# Teure vs. Günstige LAN Kabel



## Guru4GPU (27. Mai 2016)

*Teure vs. Günstige LAN Kabel*

Hallo Leute

Ich bin gerade dabei mein Netzwerk etwas "auszubauen" und suche nach ein paar Kabeln

Jedoch gibt es bei den Cat 5e und Cat 6 Kabeln teilweise extreme Preisunterschiede, bei denen zB. ein 2m RJ45 Cat 5e Kabel zwischen 0,50€ und 10€ kostet kann

Gibt es da überhaupt einen richtigen Unterschied oder ist das egal welches Kabel man kauft?

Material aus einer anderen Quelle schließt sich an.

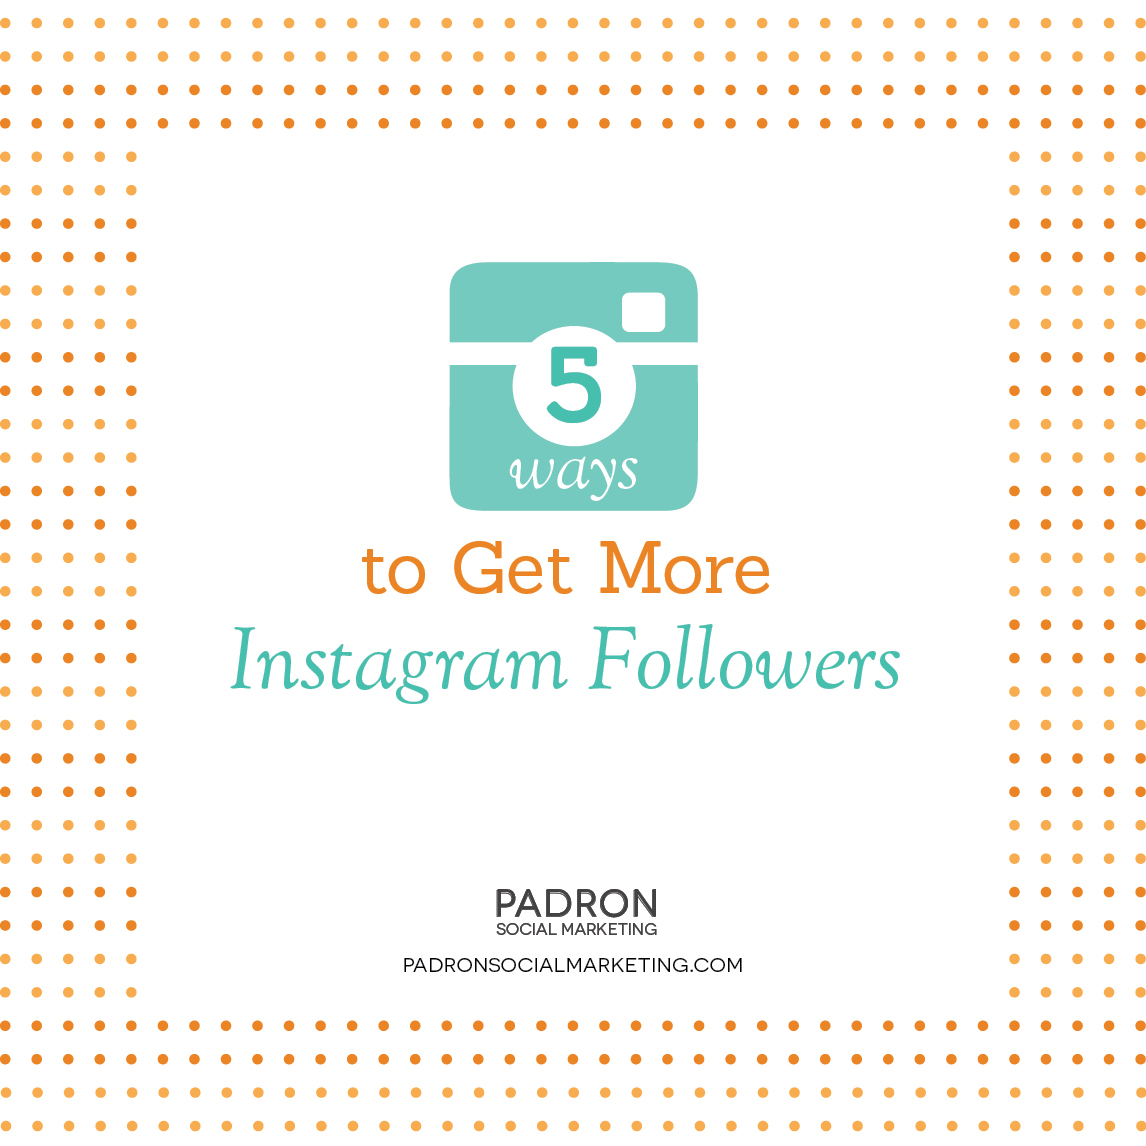 Get More Instagram Followers

Meine Anforderungen an das Kabel ist jedenfalls nur dass es Gigabit LAN unterstützt, und so weit ich weiß müsste dazu jedes Cat 5e oder höher klassifizierte Kabel ausreichen, oder?

MfG


----------



## evilgrin68 (27. Mai 2016)

*AW: Teure vs. Günstige LAN Kabel*

Meinst du jetzt Verlegekabel oder fertige Patchkabel?! Auf jeden Fall sollte ein Patchkabel mit Cat 5e zertifiziert sein, für GBit LAN.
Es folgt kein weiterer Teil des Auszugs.